Problem requirements
Could you set down exactly the lines of the data below, starting at the one that holds "Illustration of cowboy" and ending at the one that holds "Messing Spielstand Zähler.", both included, and only those?

Dataset records
◆ ◆ ◆

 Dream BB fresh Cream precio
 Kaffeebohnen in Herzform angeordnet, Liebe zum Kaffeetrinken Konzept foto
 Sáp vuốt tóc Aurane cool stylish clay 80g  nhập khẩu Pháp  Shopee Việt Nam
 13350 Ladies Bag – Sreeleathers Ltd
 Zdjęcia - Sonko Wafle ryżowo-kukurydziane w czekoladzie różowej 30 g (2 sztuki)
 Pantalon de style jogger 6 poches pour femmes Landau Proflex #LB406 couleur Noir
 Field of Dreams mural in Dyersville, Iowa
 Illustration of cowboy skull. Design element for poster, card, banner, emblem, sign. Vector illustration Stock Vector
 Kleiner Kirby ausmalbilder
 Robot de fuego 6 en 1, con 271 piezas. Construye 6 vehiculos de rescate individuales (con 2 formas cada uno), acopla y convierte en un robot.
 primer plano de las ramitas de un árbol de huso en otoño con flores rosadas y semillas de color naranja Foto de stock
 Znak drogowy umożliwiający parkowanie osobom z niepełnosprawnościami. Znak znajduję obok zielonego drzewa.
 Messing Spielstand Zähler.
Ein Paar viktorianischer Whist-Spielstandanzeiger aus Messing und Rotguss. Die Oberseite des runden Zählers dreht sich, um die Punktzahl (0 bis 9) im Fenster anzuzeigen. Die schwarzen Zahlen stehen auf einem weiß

◆ ◆ ◆

Problem solution
 Illustration of cowboy skull. Design element for poster, card, banner, emblem, sign. Vector illustration Stock Vector
 Kleiner Kirby ausmalbilder
 Robot de fuego 6 en 1, con 271 piezas. Construye 6 vehiculos de rescate individuales (con 2 formas cada uno), acopla y convierte en un robot.
 primer plano de las ramitas de un árbol de huso en otoño con flores rosadas y semillas de color naranja Foto de stock
 Znak drogowy umożliwiający parkowanie osobom z niepełnosprawnościami. Znak znajduję obok zielonego drzewa.
 Messing Spielstand Zähler.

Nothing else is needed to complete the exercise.